VR-QOL was also measured in a longitudinal trial comparing fluocinolone acetonide implant vs. systemic steroid therapy for treatment of noninfectious uveitis. Initial VR-QOL as measured by the NEI VFQ-25 was lower in patients with worse baseline VA and visual field testing. Both treatment groups showed improvement in VR-QOL using the NEI VFQ-25 questionnaire after 3 years of follow up (31).
Another study compared VR-QOL in patients with uveitis to patients with diabetic retinopathy and healthy controls using the NEI VFQ-25. Patients with uveitis had lower VR-QOL than both healthy subjects and patients with diabetic retinopathy. Further analysis determined that lower VR-QOL scores were predicted by poor VA, ocular comorbidities, and female sex (32).
Numerous studies of adults with uveitis have shown significantly decreased VR-QOL compared to normal, healthy populations (18,24,25,32,33). In addition, many patients who were diagnosed with uveitis as children continue to have active disease or suffer complications from disease into adulthood. A study of adult patients who were diagnosed with JIA as children reported that a previous history of uveitis had a significant negative effect on VR-QOL, even in patients with normal VA (34). Taken together, these results support ongoing longitudinal assessments of VR-QOL in adult patients with uveitis.
General HR-QOL measures in children with uveitis
General HR-QOL measures have been used to evaluate outcomes in many pediatric diseases including diseases such as JIA and uveitis. HR-QOL measures should represent the patient’s lived experience in the context of their health condition. However, the lived experience of young children with a chronic health condition is often reported by a parent proxy.

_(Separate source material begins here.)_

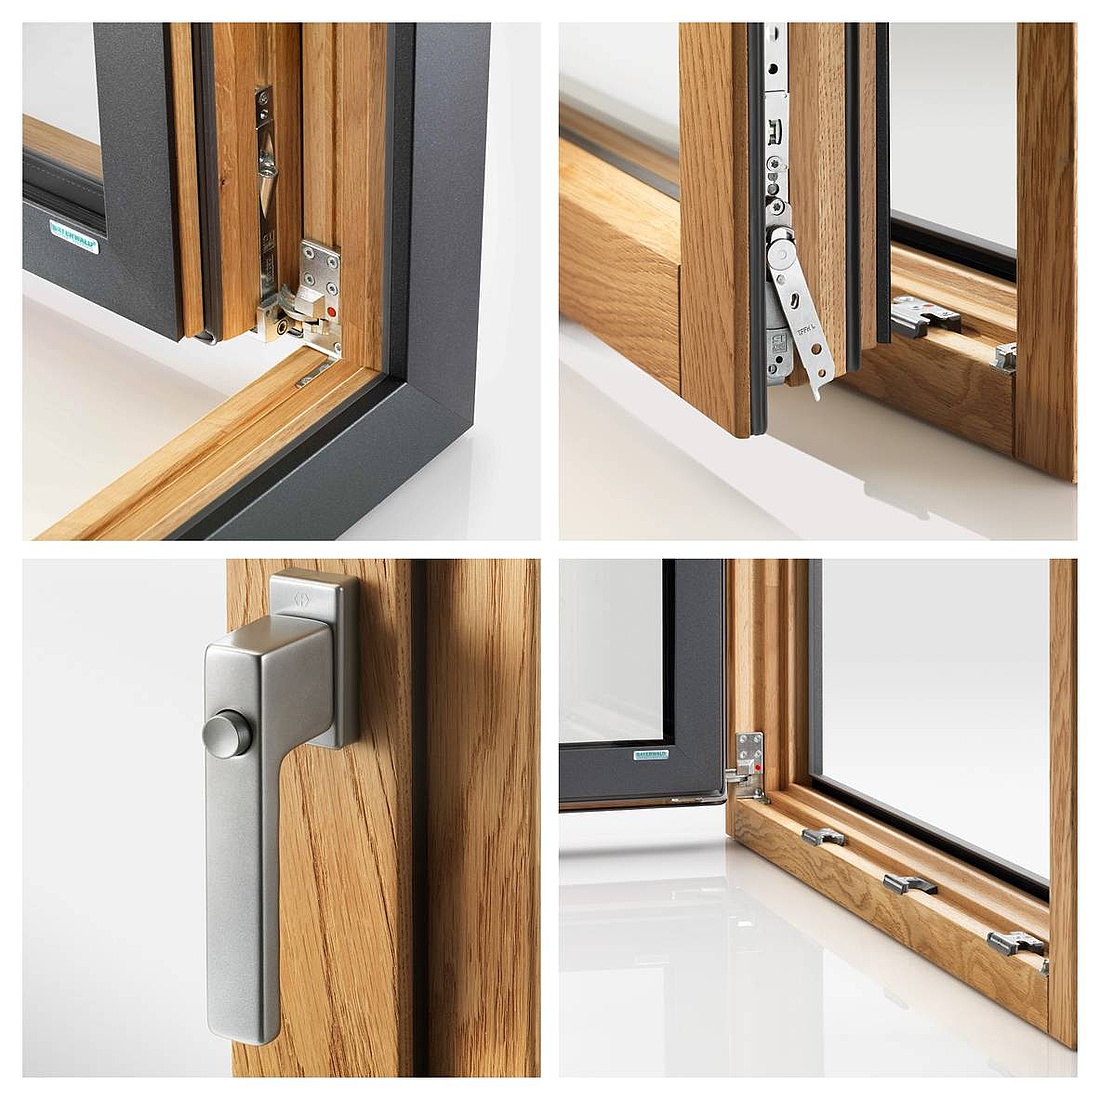 Bayerwald Holz/Alu-Fenster mit serienmäßig eingebauter RC1 Beschlagsausstattung bieten erhöhten Schutz vor Fenstereinbrüchen. (Fotos: Bayerwald - Fenster Haustüren GmbH)

It has been reported in several studies that discordance exists between patient and parent report of HR-QOL in chronic illness using measures such as the Pediatric Quality of Life Inventory (PedsQL) and Child Health Questionnaire (CHQ) (35,36). Therefore, pediatric HR-QOL measures must take into account the cognitive development of the child and ideally include both a child and parent reported measure to take into consideration both perspectives.

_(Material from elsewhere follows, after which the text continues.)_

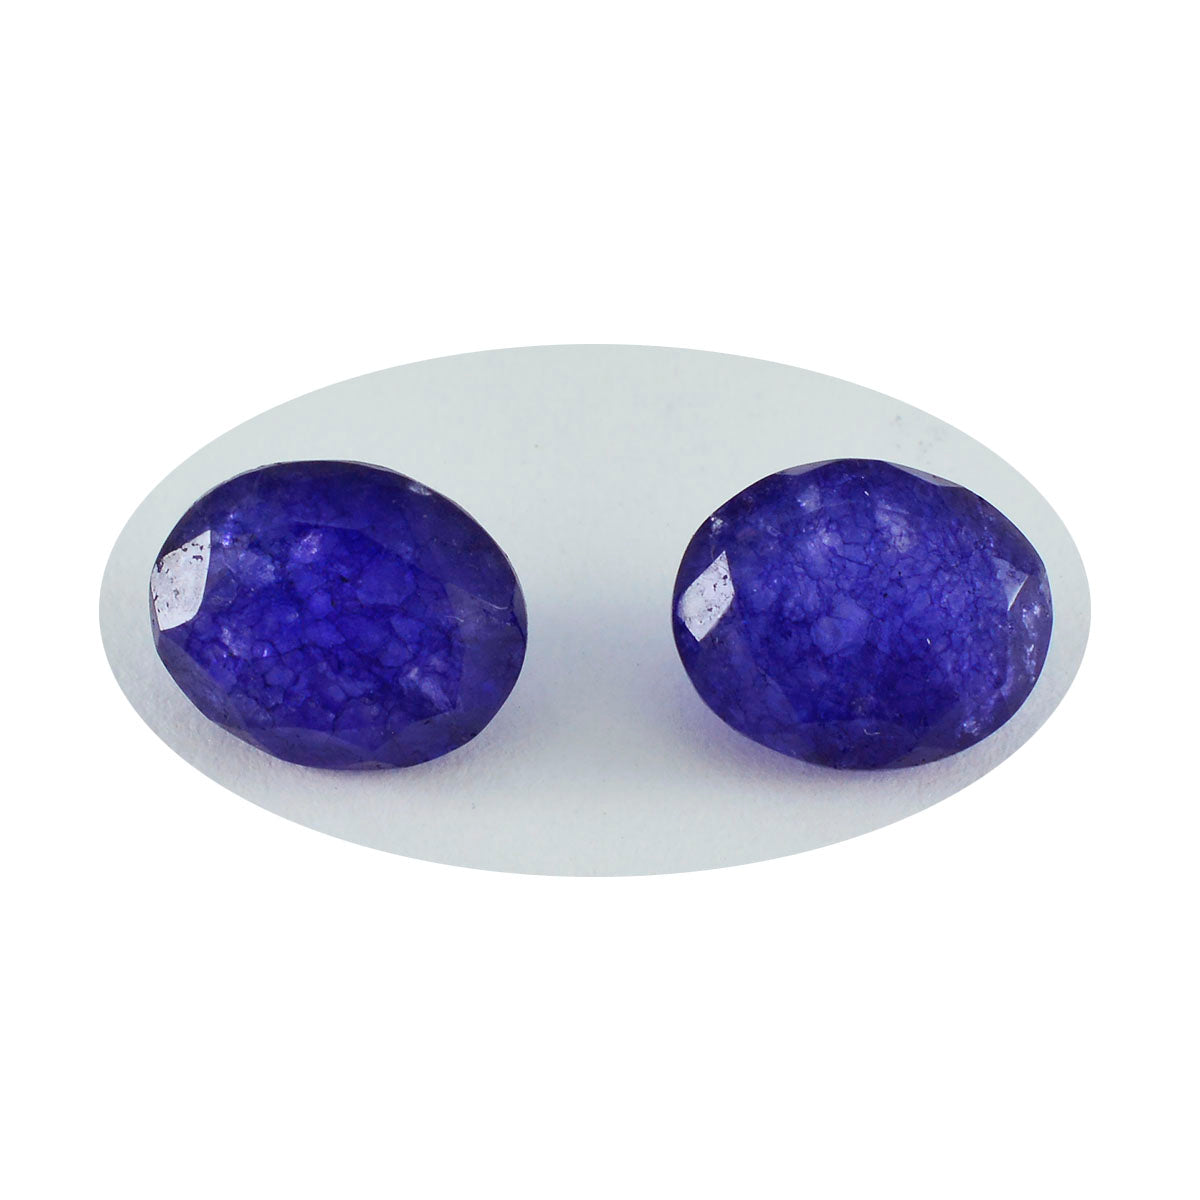 Riyogems 1PC echte blauwe jaspis gefacetteerd 7x9 mm ovale vorm aantrekkelijke kwaliteitsedelstenen

Three of the more commonly used HR-QOL measures in children, specifically in children with uveitis, include the PedsQL, the CHQ, and the Childhood Health Assessment Questionnaire (CHAQ). The PedsQL is a validated general QOL questionnaire for children aged 2–18 which evaluates QOL in numerous domains including: physical, social, emotional and school (37). The CHQ is an internationally recognized HR-QOL questionnaire for children aged 5–18 that assesses a child’s physical, social, and emotional well-being (38). The CHAQ is a questionnaire that evaluates physical functioning domains including: dressing, arising, eating, walking, hygiene, and activity and was initially validated in a cohort of children with JIA (39).
The PedsQL and CHAQ have been suggested for use as outcome measures in clinical studies evaluating children with JIA-U. The Multinational Interdisciplinary Working Group for Uveitis in Childhood (MIWGUC) enrolled children with JIA-U and proposed outcome measures to validate their applicability for future clinical studies. The PedsQL and CHAQ were used as measures of overall well-being and significant improvements in patient-reported PedsQL and CHAQ scores were noted at 6 months when compared to baseline values, suggesting improvement in physical functioning and QOL (40). Based on the results of this prospective study performed by the MIWGUC, consensus was reached on the recommended items to be selected for defining response to treatment. Measures selected include not only AC cells, AC flare, and the new occurrence of structural complications, but also include ophthalmologist and rheumatologist global assessment of disease activity, patient and parent global assessment of disease activity, and changes in both general HR-QOL and VR-QOL measures (40).
Additionally, a double-blind randomized control trial examining the efficacy of adalimumab in JIA-U used the CHAQ and CHQ as secondary end points to measure physical functioning and HR-QOL between adalimumab and methotrexate vs. methotrexate alone groups. Adalimumab did meet its primary trial end point of decreased rate of treatment failure compared to methotrexate alone, however there were no significant differences between CHAQ or CHQ scores between the two groups at baseline or over the course of the study (41). This might suggest that the more general QOL questionnaires do not fully assess the impact of eye disease or the response to treatment.
As in adults, chronic diseases can have significant impact on the mental health of children. However, anxiety and depression have not been well characterized in this cohort and studies are needed. The PedsQL has questions pertaining to emotional wellbeing but does not specifically evaluate for anxiety or depression in children. The Revised Childhood Anxiety and Depression Scale (RCADS) is one of the more widely used, brief screening tools evaluating symptoms of depression and anxiety in children (42). The RCADS has been used in the evaluation of overall QOL in a cohort of children with JIA and uveitis and in contrast to adults with uveitis, children with uveitis did not report clinically significant anxiety or depression (43). This may be secondary to the cohort of children all having inactive disease with normal, preserved VA at the time of questionnaire completion.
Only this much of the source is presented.